- ASSIGNED TASK:
All the lines below need retyping exactly, apart from the images.

(EXERCISE DATA)

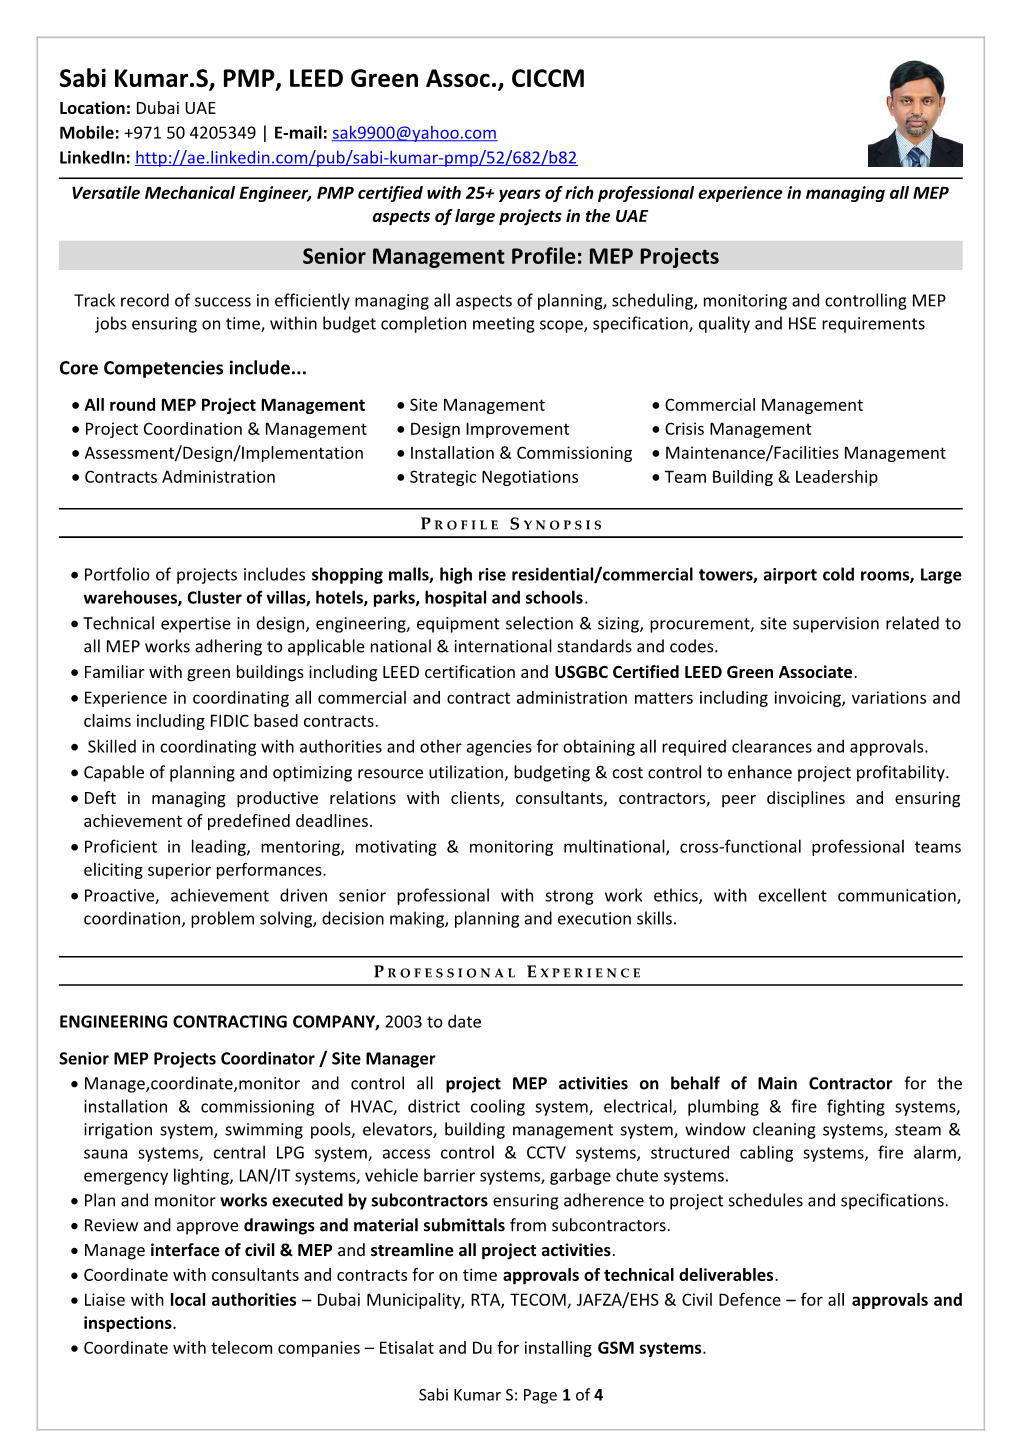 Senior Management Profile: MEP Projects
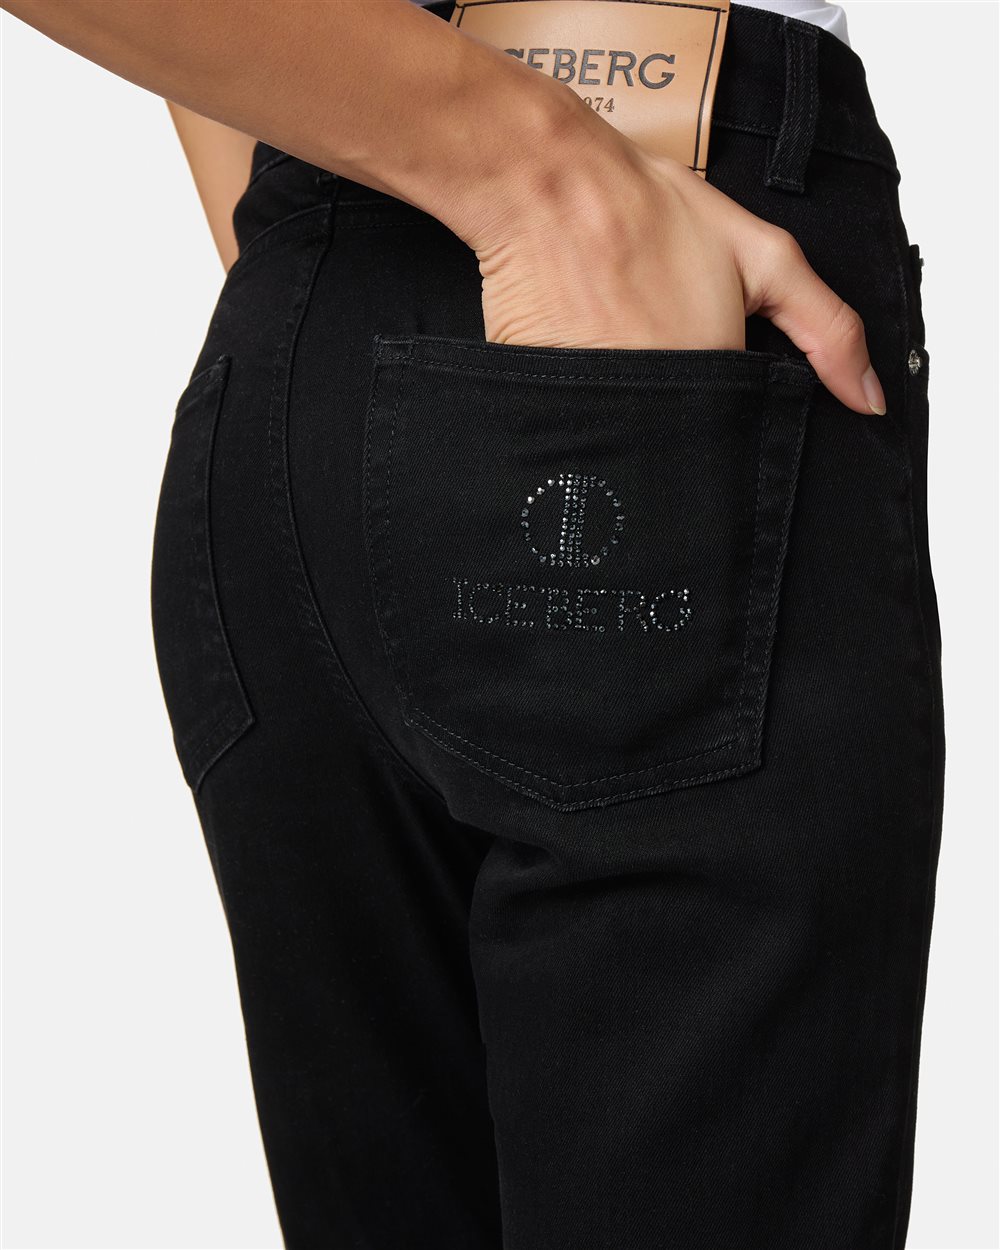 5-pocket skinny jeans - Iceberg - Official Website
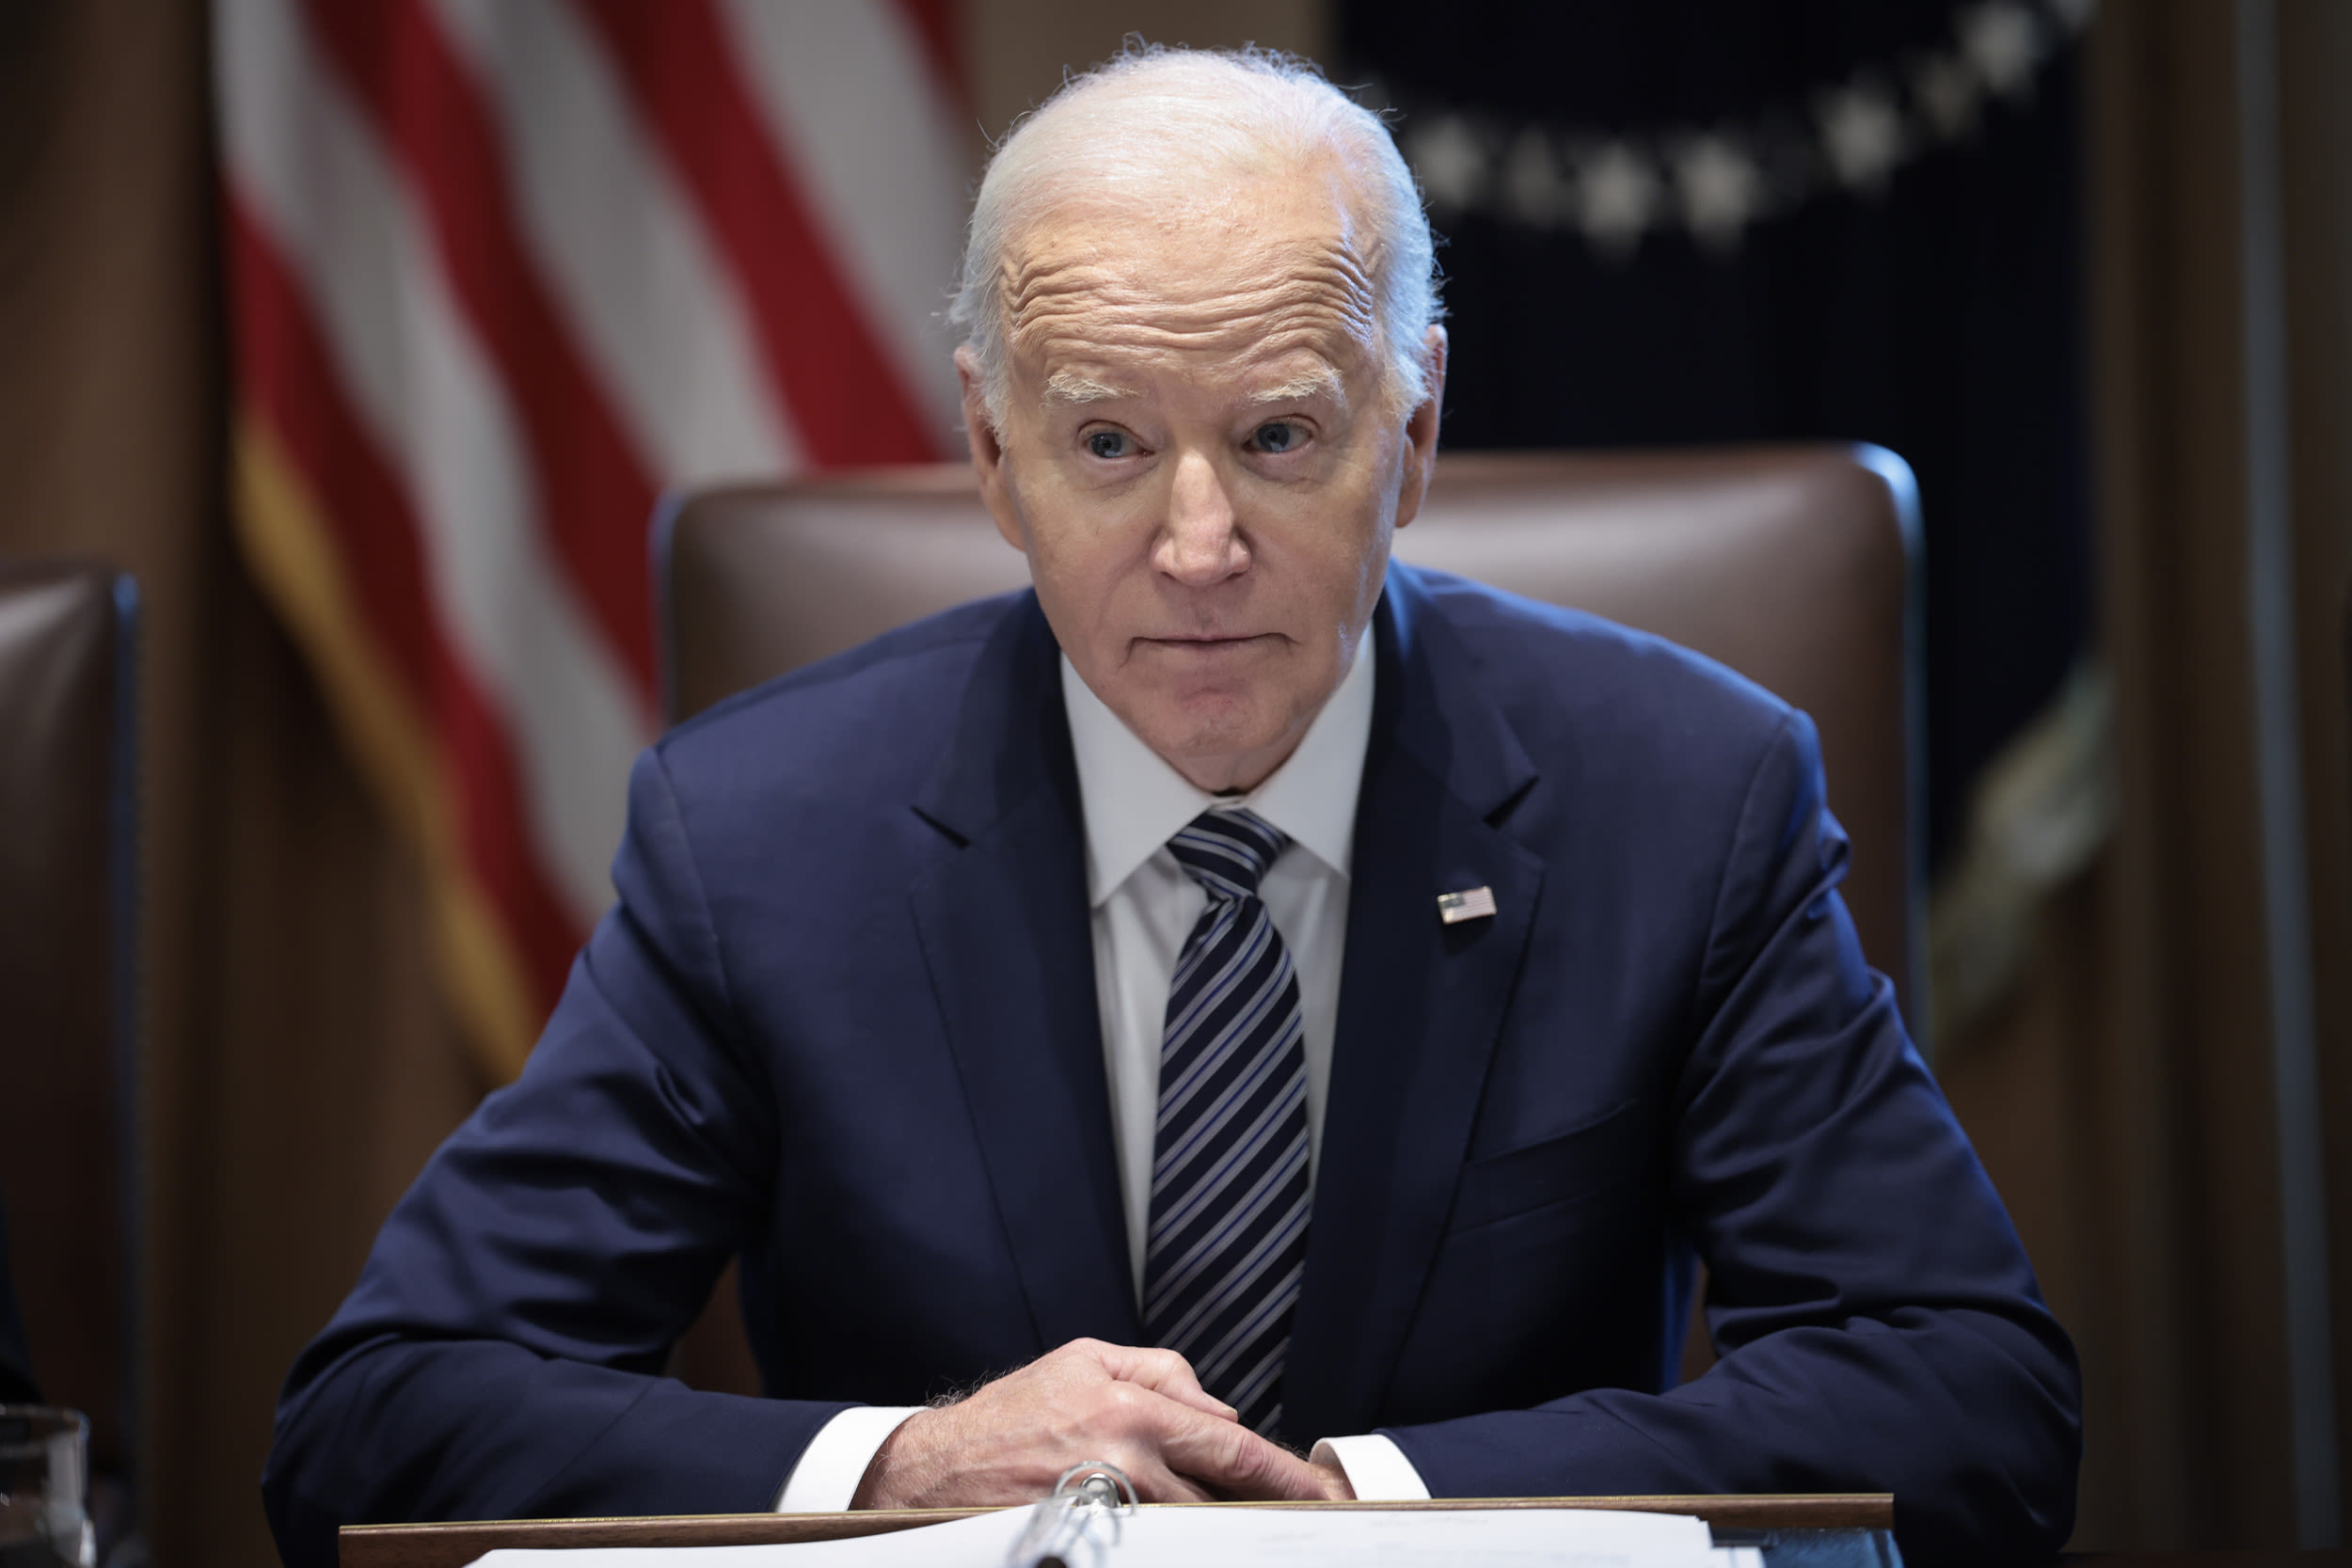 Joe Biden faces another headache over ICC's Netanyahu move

(End EXERCISE DATA)

- SOLUTION TO THIS PROBLEM:
 Senior Management Profile: MEP Projects
 5-pocket skinny jeans - Iceberg - Official Website
 Joe Biden faces another headache over ICC's Netanyahu move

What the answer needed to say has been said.